I've looked a bit more at this, and it's not at clear to me what
strategy one should use.

The cofactors satisfy

G = S A + T B,

where S is the same order of magnitude as B/G, and T is of the same
order of magnitude as A/G. For simplicity, start with the case of small
G so we don't have to care about its effect on the sizes, and assume
that B is n limbs, A is m limbs, and n > m. Then we'd also expect S to
be n limbs and T to be m limbs.

Now we have two possible strategies:

1. Call mpn_gcdext (B, A), which produces T. And compute S as

S = (G - T B) / A

that's one n x m multiply for T B, and one (n + m) / m exact division.

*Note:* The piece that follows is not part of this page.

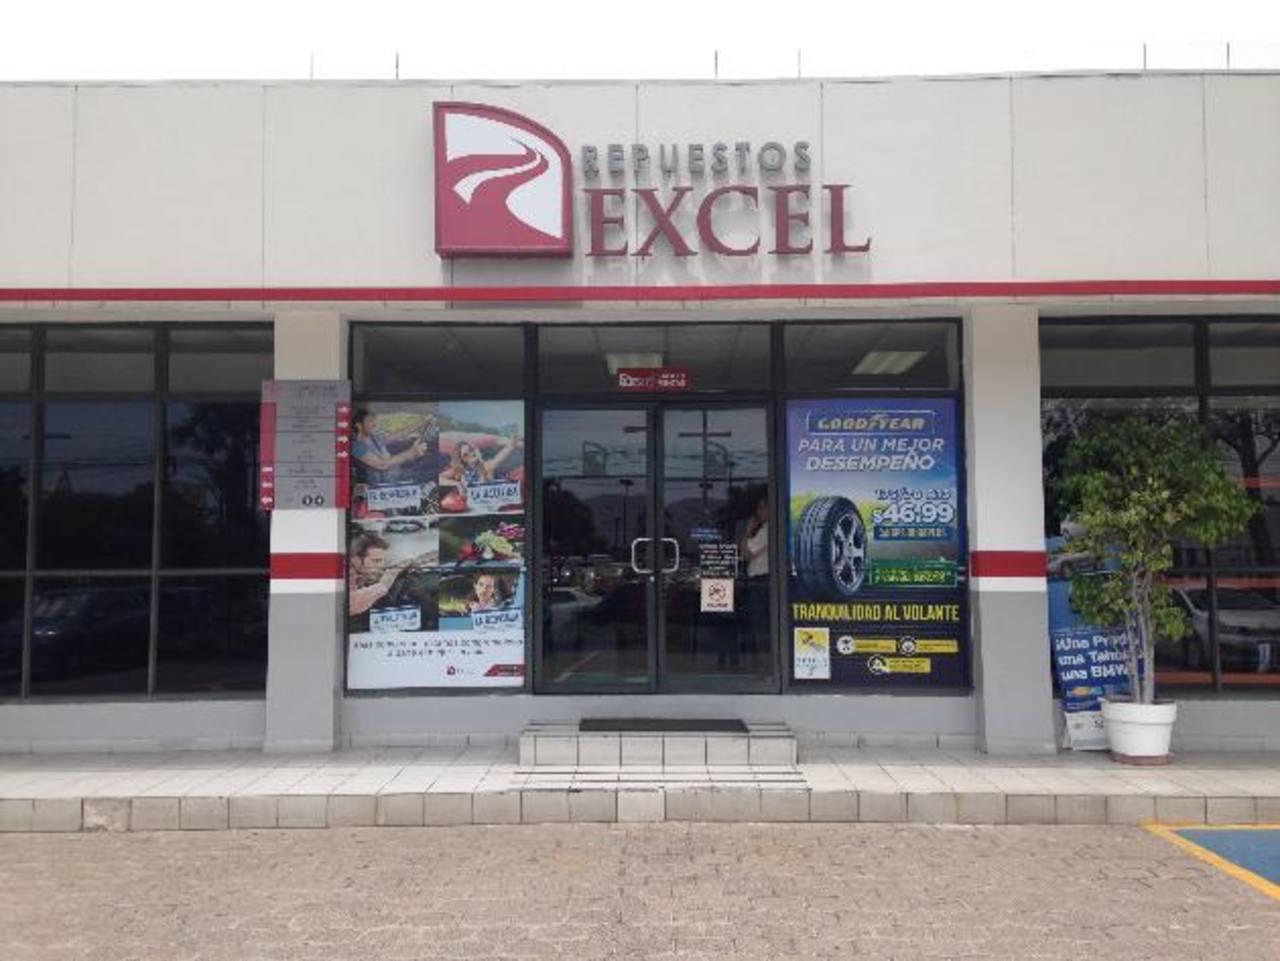 Repuestos Excel trae lo mejor para vehículos de marcas como Toyota, Kia, Mitsubishi y Chevrolet. FOTO EDH / cortesía

2. First do a division up front,

B = Q A + R

and call mpn_gcdext(A, R). We then get a cofactor S', of m limbs. But
we also need the other cofactor T', because the wanted cofactor S is

S = S' - Q T'

That's one (n - m) x m multiply. To get T', we have to use

T' = (G - S' A) / R

Which is a m x m multiply and an 2m / m exact division. I had a quick
look at also substituting Q = (B - R)/A into the equations, but that

(And we don't count the cost of the initial division, bacause it will
be needed for strategy (1) too, done by mpn_gcdext).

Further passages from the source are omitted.